Why Is n = 3 Not Considered in Convolution?

[Larrytsai]

Homework Statement

δ = dirac delta
x[n] = δ[n] + 2δ[n-1] - δ[n-3]
h[n] = 2δ[n+1] + 2δ[n-1]

y[n] = x[n]*h[n]

Homework Equations

y[n] = x[n]h[n] = \sumh[k]x[n-k]

The Attempt at a Solution

I have graphed the x[-k] and h[n], the solution saids

y[n] = h[-1]*x[n+1] + h[1]*x[n-1]
= 2x[n+1] + 2x[n-1]

I do not understand why, it seems like the solution forgot about the value at n = 3 for x[n].

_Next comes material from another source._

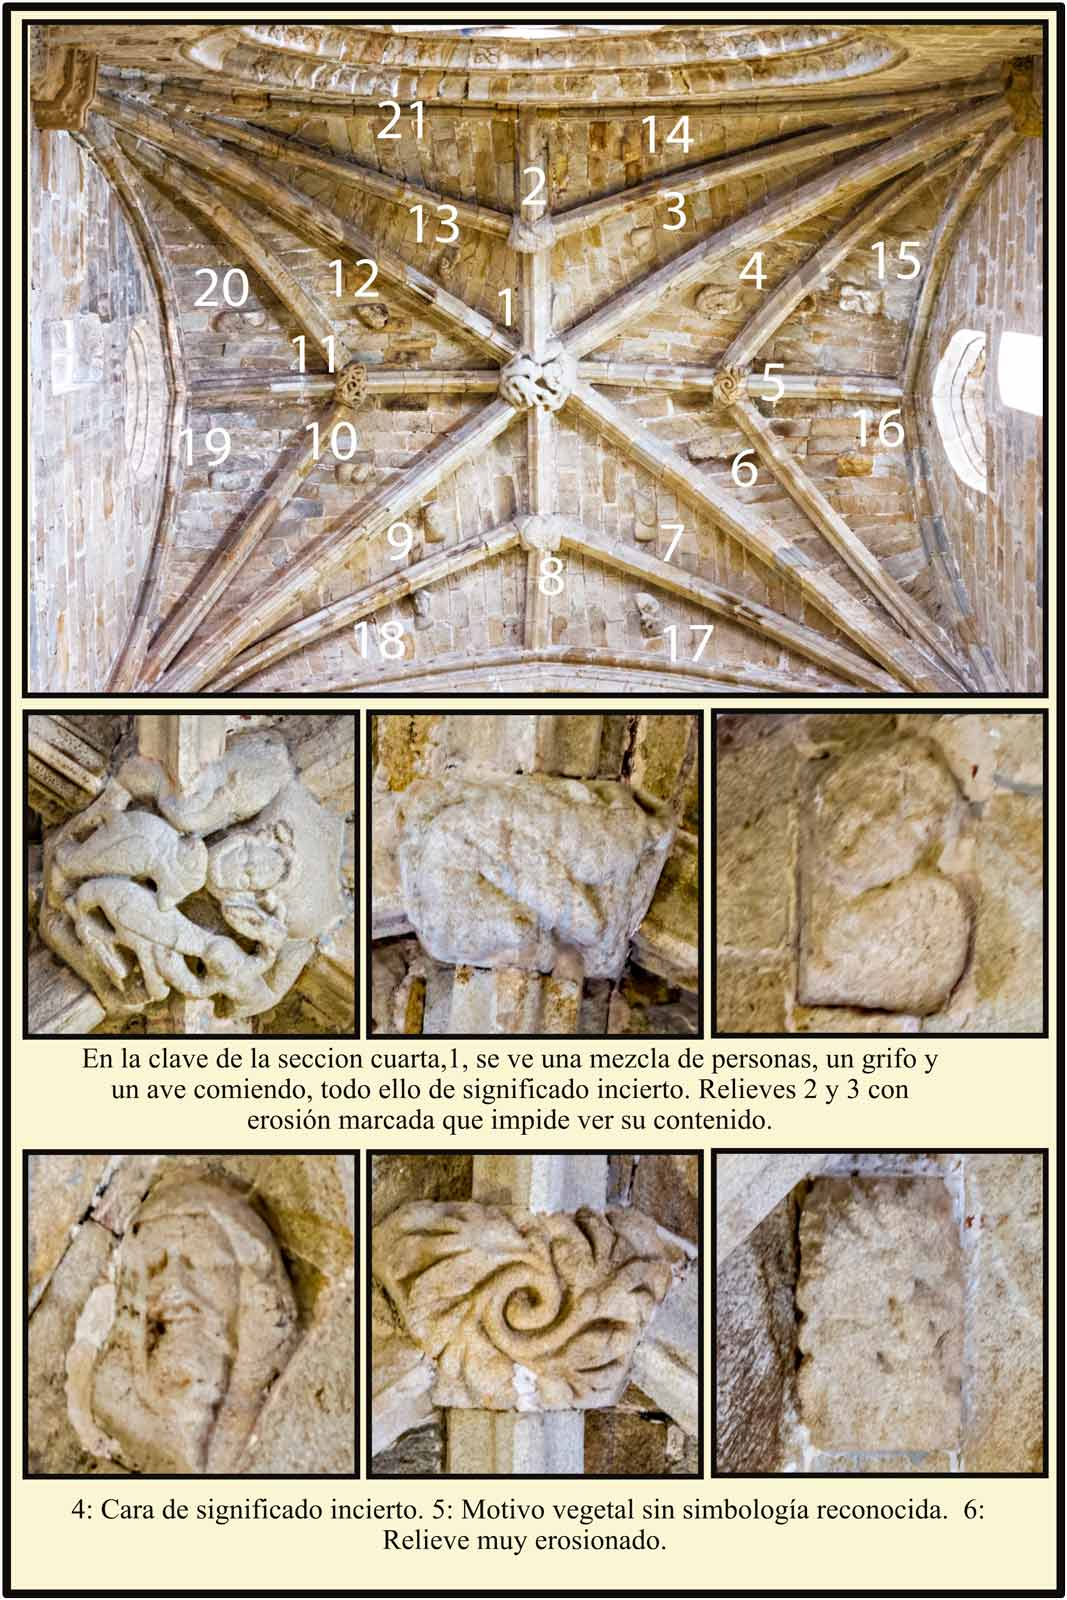 simbolos del romanico en los relieves de las bovedas de la Catedral Vieja de Plasencia
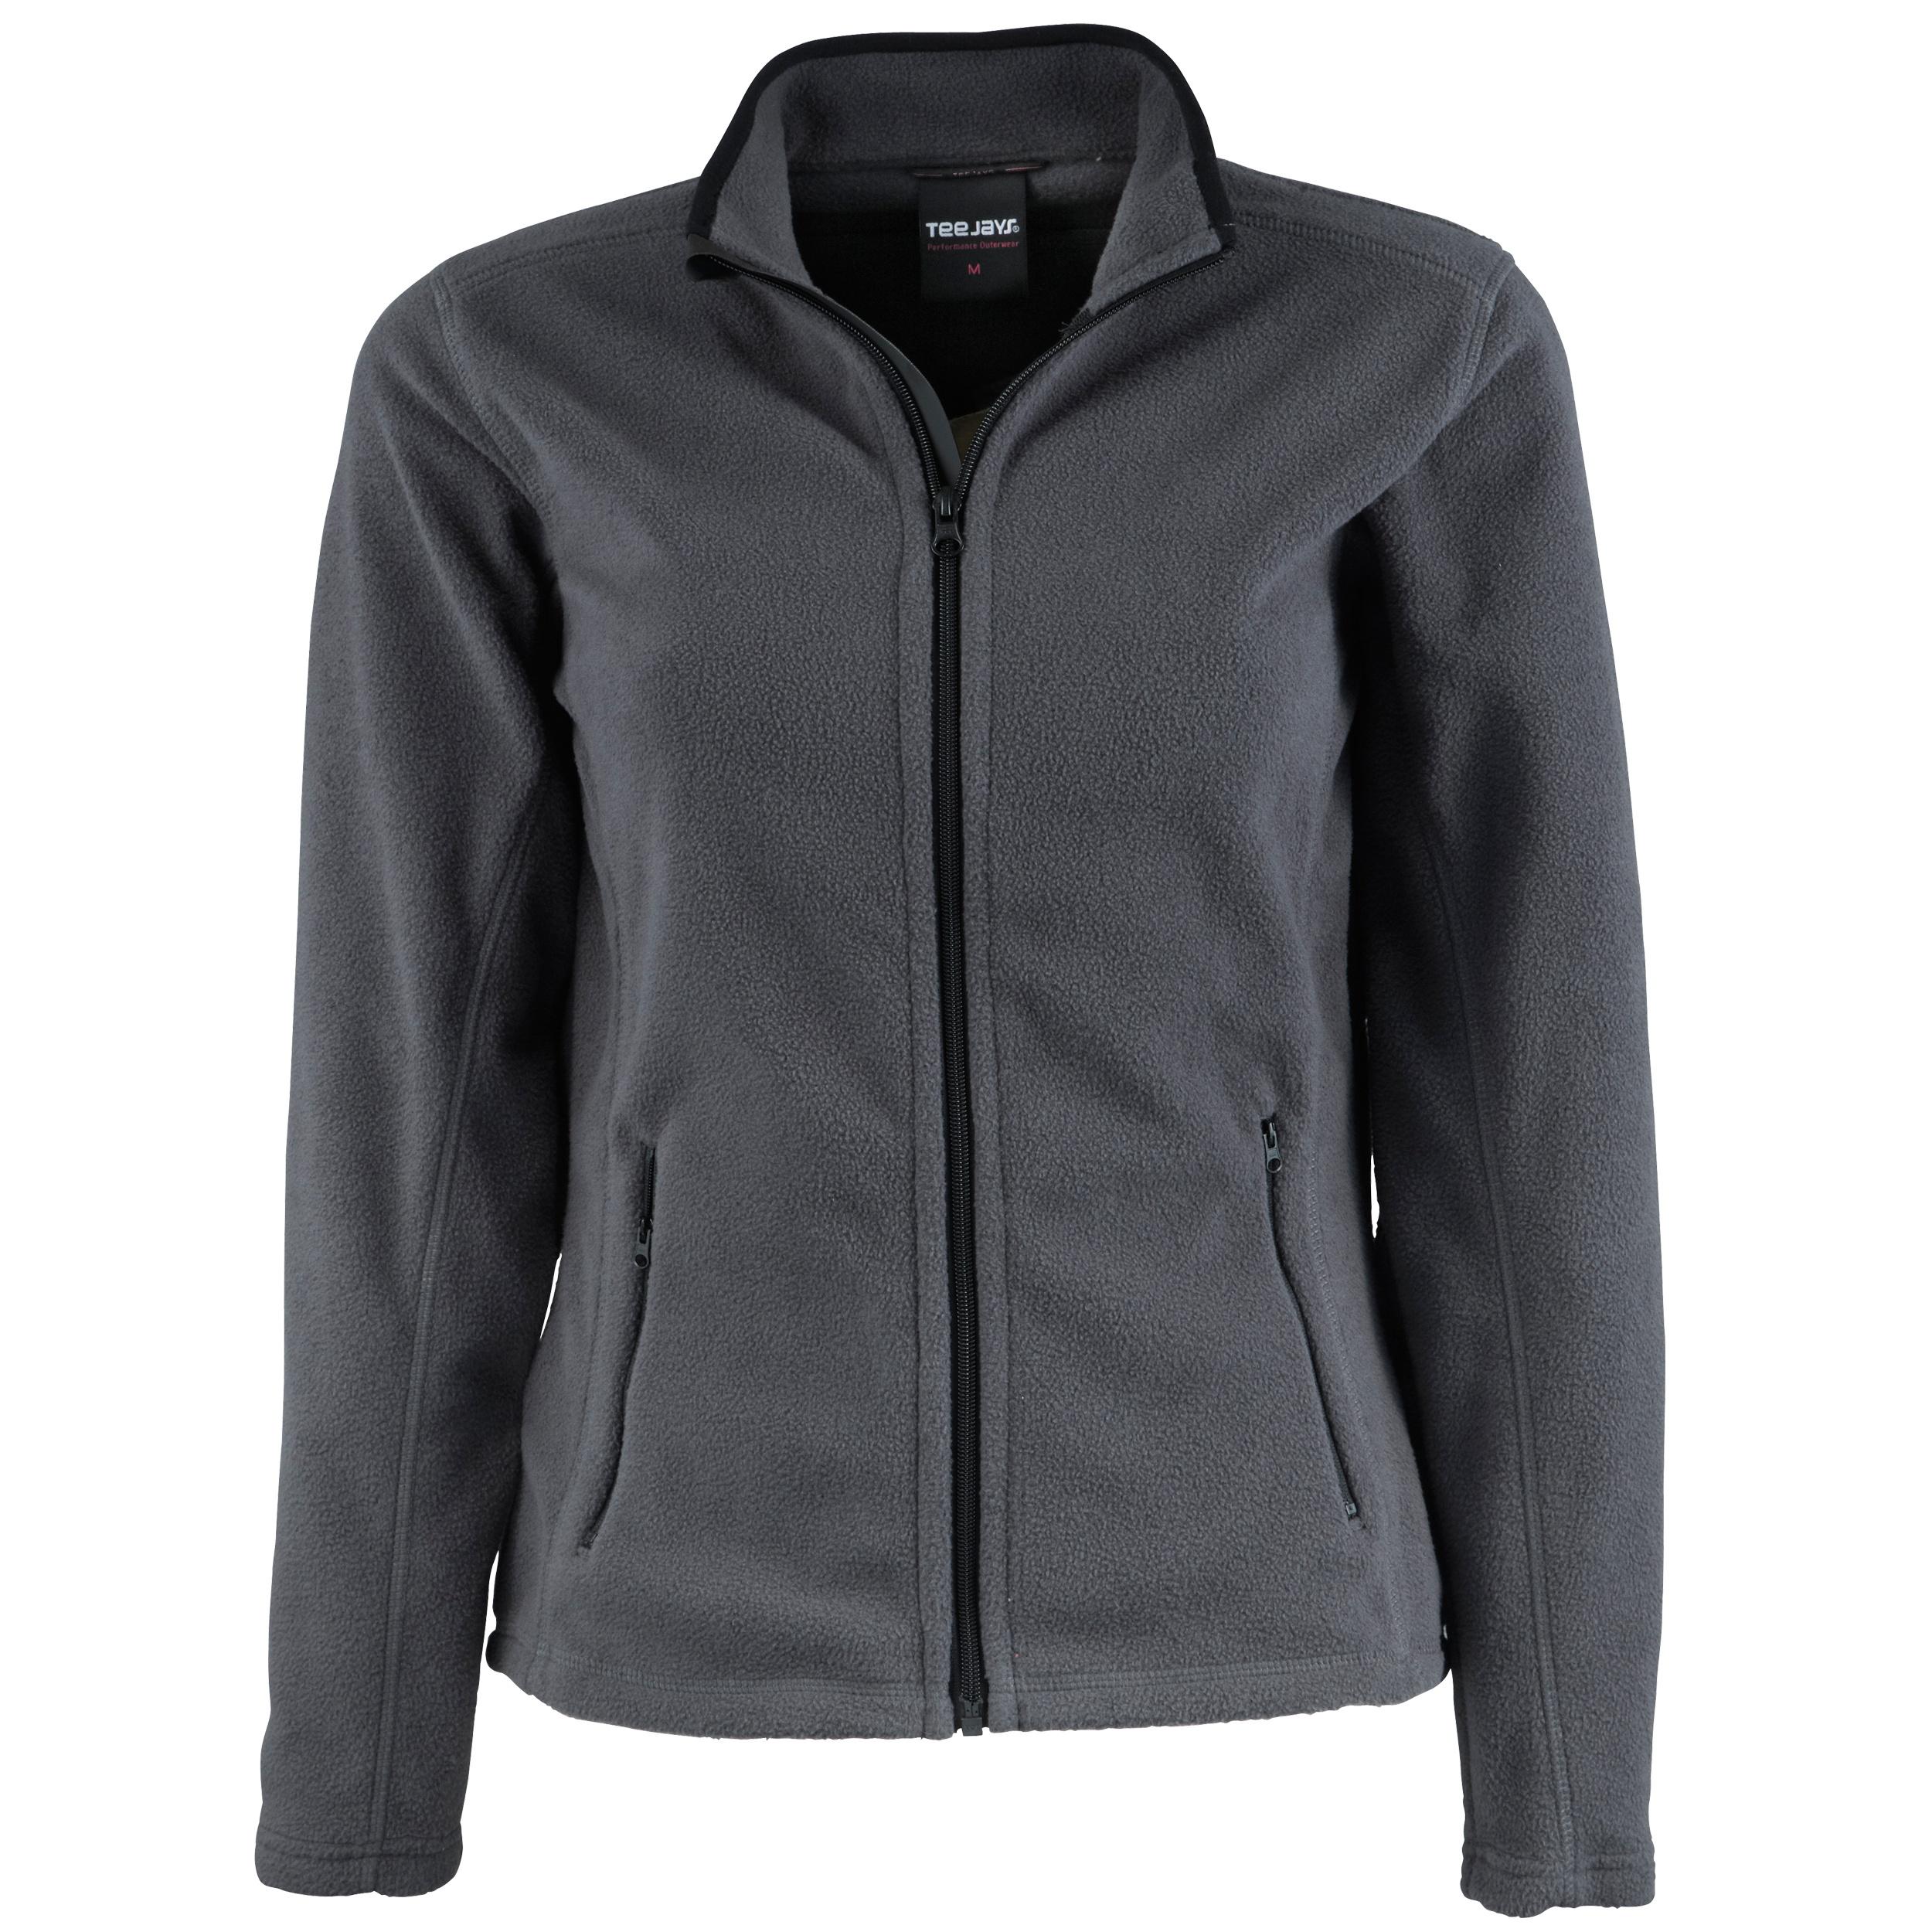 Tee Jays Womens/Ladies Full Zip Active Lightweight Fleece Jacket (L) (Dark Grey)

can anyone help explain to me what happened in the solution and why n = 3 is not considered in the convolution.

 

[ckutlu]

It is hard to visualize convolution problems. Did you solve it by hand?

 

[Jaynte]

y[n] is longer than what's shown in the answer but most of them are zero. that's why n=3 is not in the answer because that prduct is zero. you can solve the product of sum with -1 \leq n \leq 4 and see what you get

 

[Ecthelion]

Would you mind posting your solution? Graphing convolution problems - particular with a system consisting of delays - generally shows the solution relatively simply. Try showing the x, h, and then as they overlap. You'll see, as Jaynte pointed out, that the product at n=3 is zero, therefore negating the need to write it out.